* This blog post is a summary of this video.

Cut Image Generation Time in Half with InvokeAI and Stable Diffusion on M1 Mac

Author: Sam RaziTime: 2024-03-23 00:50:00

Table of Contents

Introduction to Improving InvokeAI Speed and Performance Benchmarks

InvokeAI with Stable Diffusion can generate amazingly realistic images, but it does take time for the AI models to process each image. In this blog post, we'll explore some ways to optimize the configuration to improve InvokeAI speed on an M1 MacBook Pro. Specifically, we'll look at adjusting the cache size to reduce the lag when switching between the base SD model and refiner model.

We ran benchmark tests with a small 10GB cache versus a larger 20GB cache. Doubling the cache size cut the total image generation time in half, from about 1 minute 25 seconds down to only 45 seconds per image! Keep reading to understand the details and see if faster AI image generation would benefit your creative workflows.

Overview of Speed Improvements

When generating images with InvokeAI using Stable Diffusion, there are two main steps:

  1. The base SD model runs for a number of steps to create a draft image
  2. Then the SD refiner model kicks in to enhance and finalize the image The refiner helps make the end results look more coherent and realistic. However, there is a lag whenever InvokeAI has to switch between loading the base model versus the refiner model. If your system doesn't have enough free RAM to keep both models cached and loaded simultaneously,InvokeAI ends up wasting time repeatedly reloading each model. So the key to faster performance is...
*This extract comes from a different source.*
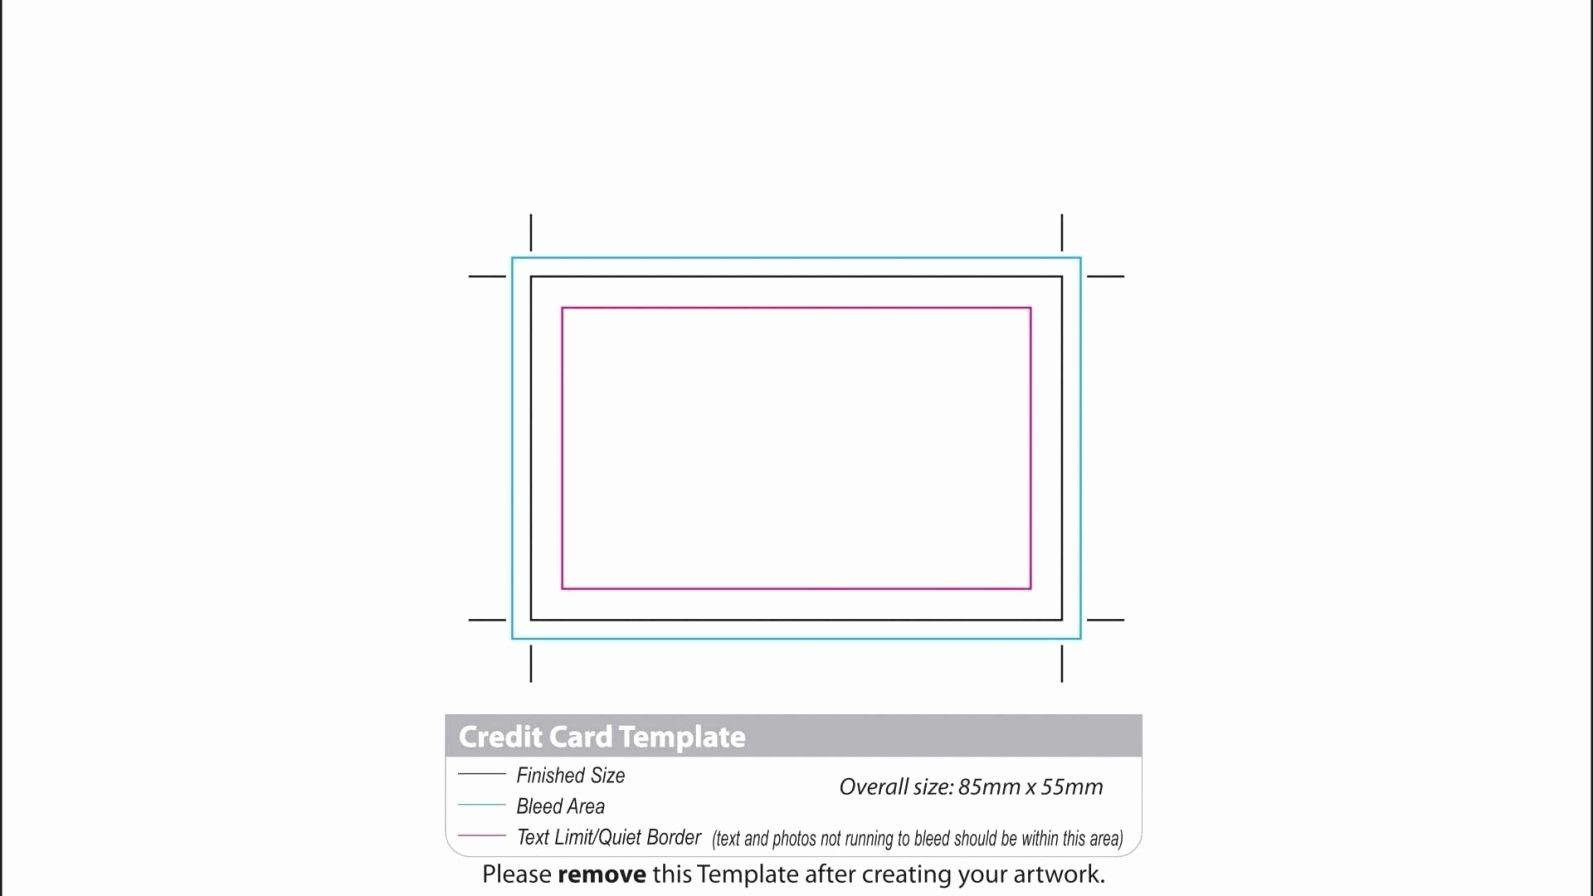 Blank Business Card Template Psd Lovely Blank Business Card Templates 30 Best Blank B Vistaprint Business Cards Blank Business Cards Business Card Template Psd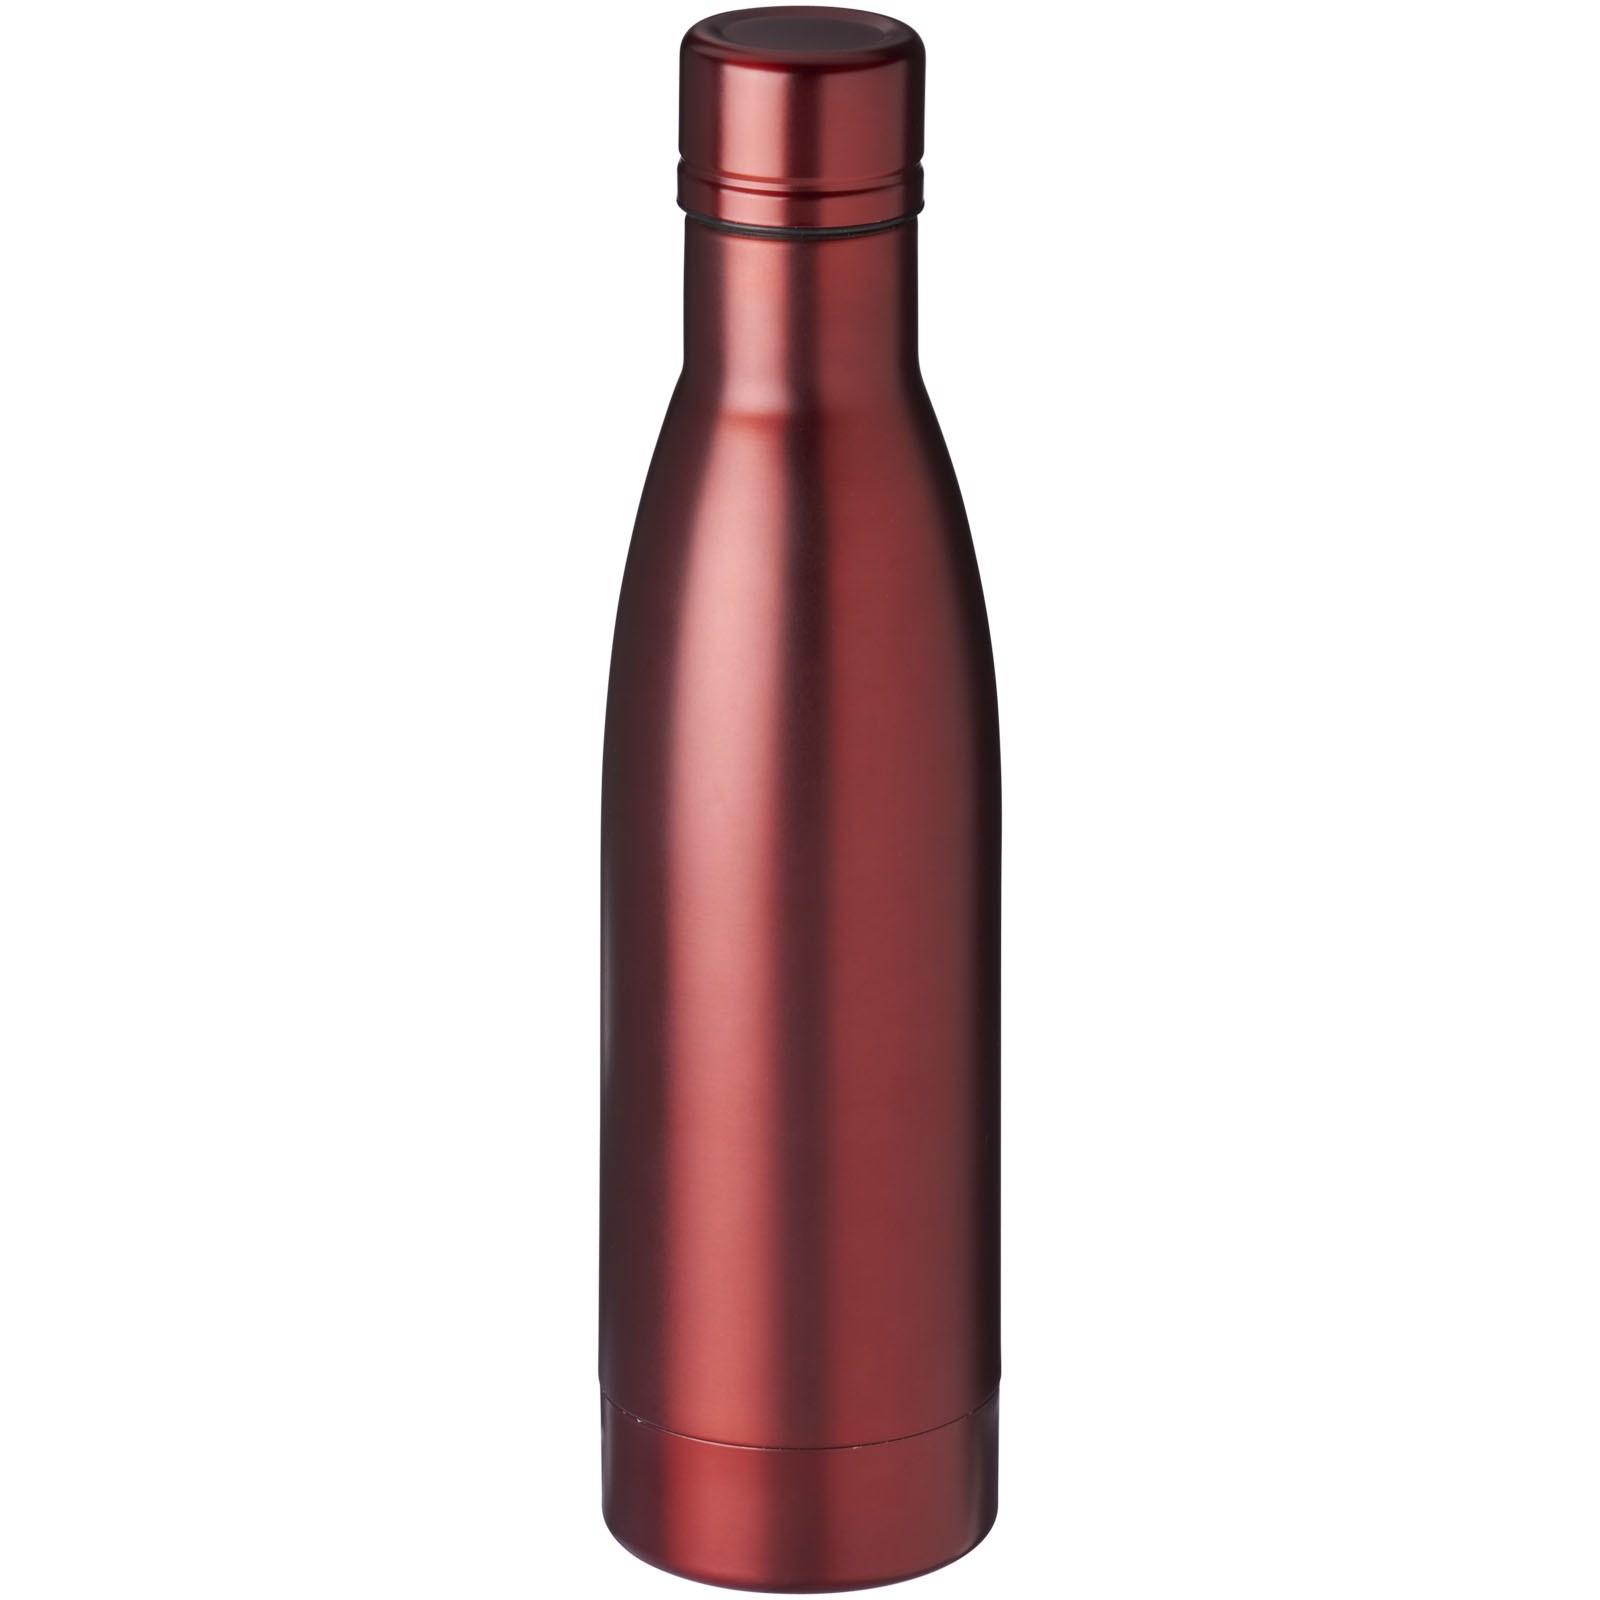 Vasa 500 ml copper vacuum insulated sport bottle - Red

Benchmarking InvokeAI Performance

To test the impact of cache size, we ran InvokeAI on an M1 Max MacBook Pro with the following benchmarks:

  • 10GB Max Cache Size: Total time 1 min 25 sec per image
  • 20GB Max Cache Size: Total time 45 sec per image As you can see, simply doubling the cache size cuts the processing time almost in half! The extra free RAM lets InvokeAI keep both models ready to go, eliminating the delays of reloading each one.

Tuning the InvokeAI Configuration File

The InvokeAI cache settings live inside the invokeai.yaml file that gets created automatically upon installation. Here are the two key settings and what they control:

  • max_cache_size: The total memory allotted for caching AI models like base SD and refiner for faster switching

  • max_vram_cache_size: Unused for Apple Silicon Macs which lack a dedicated VRAM GPU cache

Adjusting the Cache Size

The default max_cache_size is far too small at only 2GB. This forces constant reloading of models and hurts performance. For the M1 MacBook Pro 13", try raising it to at least 10GB based on your total RAM capacity. We used 20GB which provides ample extra RAM to cache both base and refiner models simultaneously.

Setting the VRAM Cache Size

MacBook Pros have fast unified memory architecture instead of separate CPU and GPU memory. So there is no dedicated VRAM section to configure. Make sure to always set max_vram_cache_size to 0 on Macs. Leaving this on default can cause out of memory issues during generation.

Comparing Benchmark Results

With the right cache settings tuned in invokeai.yaml, let's look at the huge real-world speed improvement:

10GB Cache Size Test

  • Total image generation time: 1 min 24 sec
  • Base SD model load time: 30 sec
  • Refiner model load time: 10 sec

20GB Cache Size Test

  • Total image generation time: 45 sec (2X speedup)
  • Almost no load time for either model
  • 45 sec combines model steps and generation only

Additional Performance Considerations

Image Resolution and Steps

Beyond cache settings, also consider lowering image resolution or model steps to improve speed if needed and your quality standards allow. 512x512 pixel images strike a good balance of quality and performance. Fore complex images, try 50 steps for base SD and 10 steps for refiner.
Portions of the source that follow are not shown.